I had an email conversation a while back with Ross Grambo about the current state of the HMAC validation system used by Asana. Currently, incoming webhooks contain an SHA256 HMAC signature computed on the request body using the shared secret transmitted during the handshake. I expressed that seemed like an unnecessary amount of overhead just to validate an incoming webhook. Specifically because it requires a round trip to the database just to find that shared secret for the specific asana user whom we have a webhook subscription on their behalf. This also means I have to add an index to my database just to validate incoming webhooks from Asana.

We discussed the option of using a shared signing secret - which is the approach many other SaaS API’s use (Slack, Stripe, etc.).

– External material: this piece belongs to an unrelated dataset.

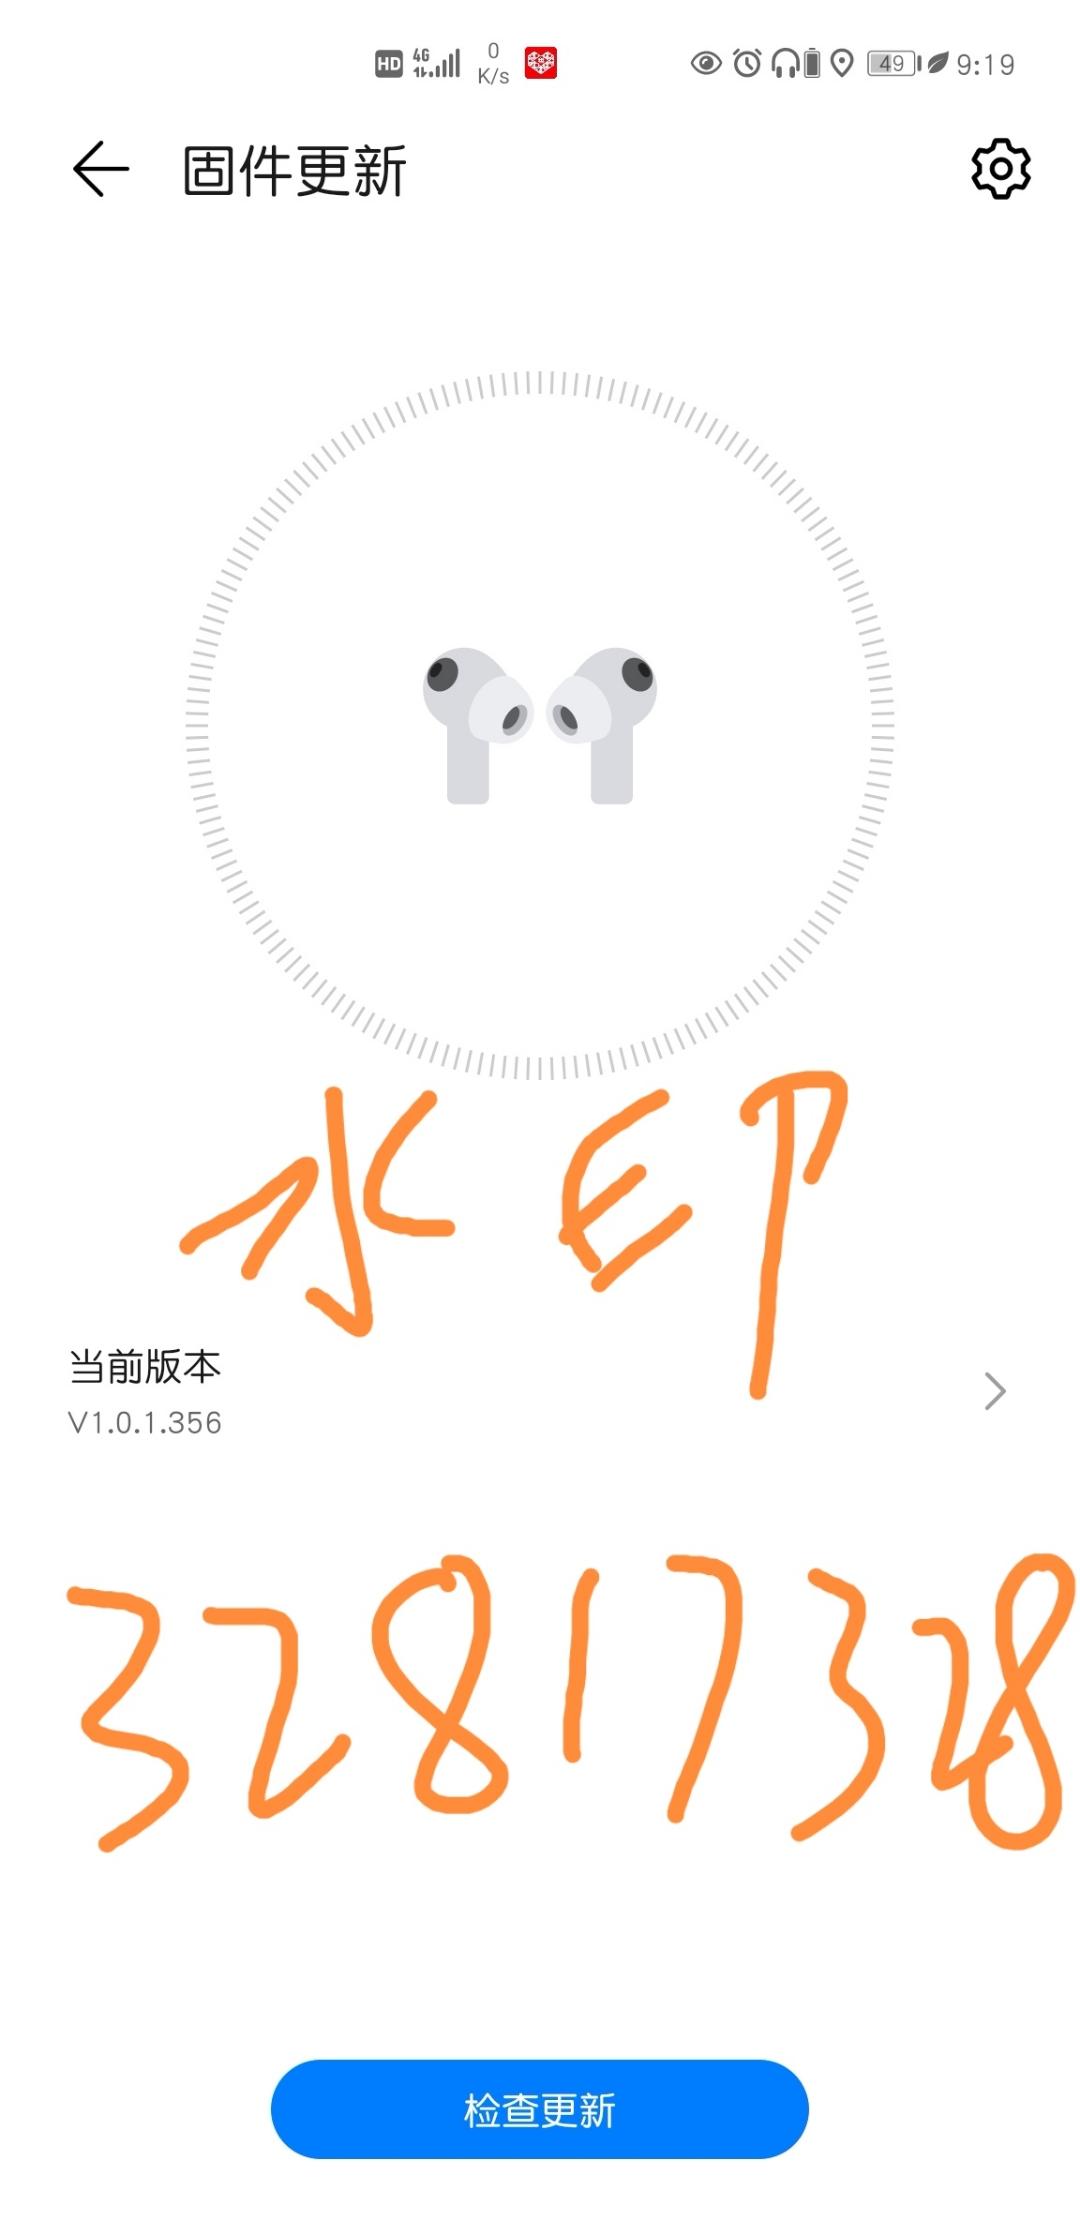 Screenshot_20210404_091924_com.huawei.smarthome_edit_4104551037914.jpg

Just wondering if you guys are having a conversation about this internally still, or whether I should jump through the hoops to get your current HMAC validation approach implemented into our system.

Sincerely,
Eric Froese

@Ross_Grambo

Hello again @Eric_Froese,

We talked about it and it may be something we move to in the future, but for now it’s not on our roadmap. You’re best off implementing our current validation approach.

Best,
Ross

Hello @Ross_Grambo - can I second this request please, for allowing the caller to provide a secret. It would be totally cool if you have requirements on that secret format (such as being 32char hex encoded for example, or whatever). One of our issues is that we’d like to point webhooks for all projects for the same user to the same webhook endpoint. But then the webhook may have many different secrets and we have to check them all.

So right now having to go though the extra overhead of refactoring our system to support the current idiosyncratic way of having a secret per webhook really incentivizes us to put off that work, and not validate for a while.